If the project is MERN stack (MongoDB + Express + React + Node.js — detected from package.json / requirements), append a `### MERN Stack Notes` section to AGENTS.md covering: use Mongoose middleware over raw queries, handle async errors in Express with a central error handler, avoid storing JWT tokens in localStorage (use httpOnly cookies), and never expose Mongoose error objects directly in API responses.

## Step 4B: Architectural Change Detection (Delta Runs Only)

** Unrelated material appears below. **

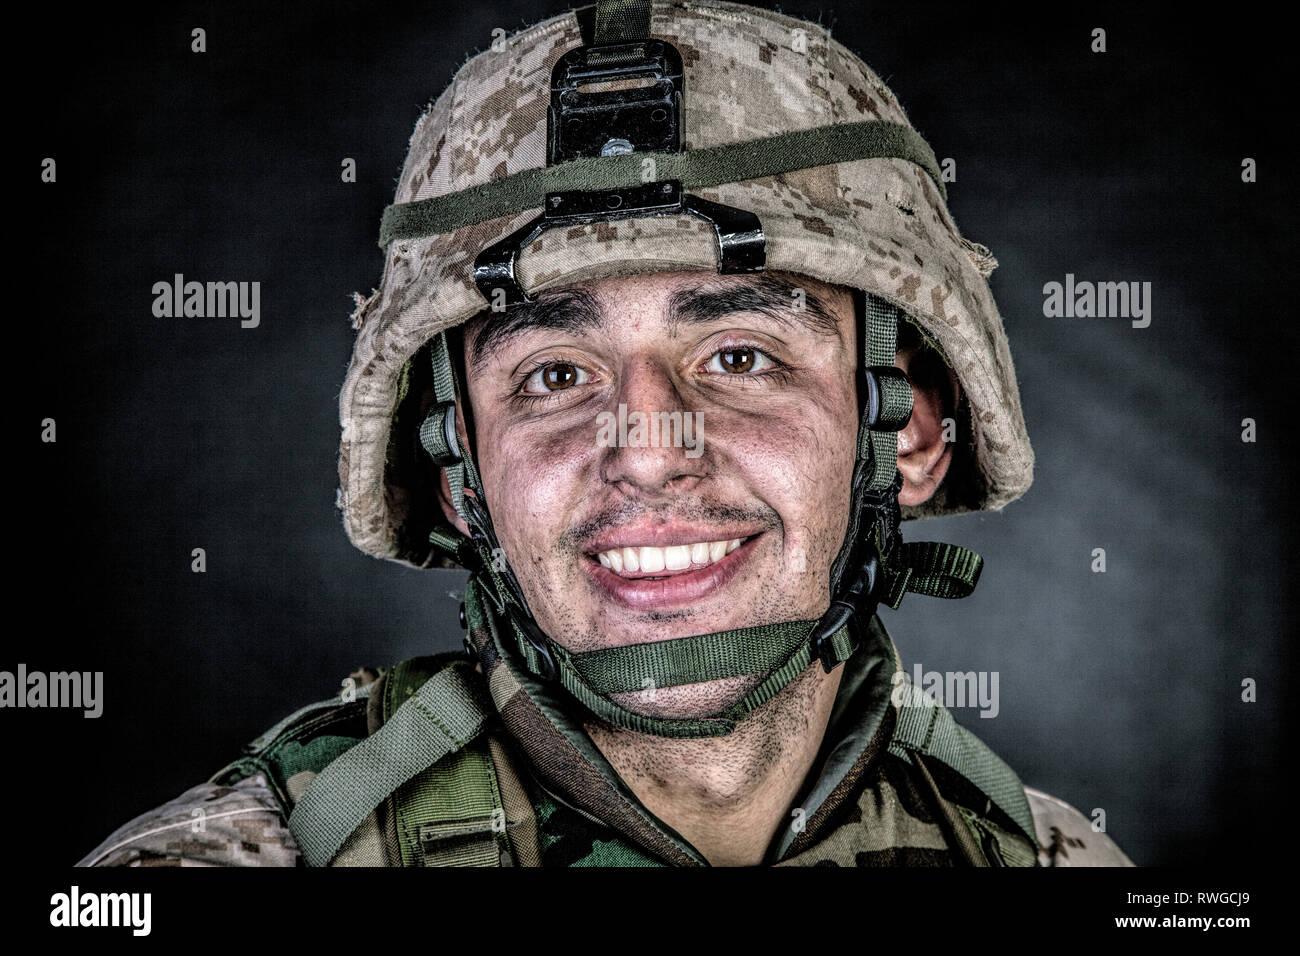 Studio portrait of a smiling U.S. soldier. - Stock Image

After patching `project-doc.md`, compare the new version against the previous. Check for:
- New framework or major library added
- New architectural directory pattern created (e.g. new `/lib/hooks/`, `/services/`)
- Major dependency swap (e.g. axios → fetch, moment → dayjs)
- New auth or session handling pattern

If any detected, show:

```
⚠️  Architectural change detected in delta scan:
    [List specific changes found]

AGENTS.md may need updating. Review and confirm:
  [y] Update AGENTS.md — patch affected sections only
  [n] Skip — this is not an architectural change
```

Only on `[y]` confirmation: patch the relevant sections of `AGENTS.md`. Never rewrite the full file.

## Step 5: Report

Print a summary:

```
✅ Scan complete ([FULL/DELTA])
   project-doc.md → updated
   AGENTS.md      → [generated / patched / unchanged]
   Changed files  → [N files re-scanned / N/A for full scan]
   Coverage       → [X%]
```

Update `state.json` field `checkpoints.scan = "completed"`.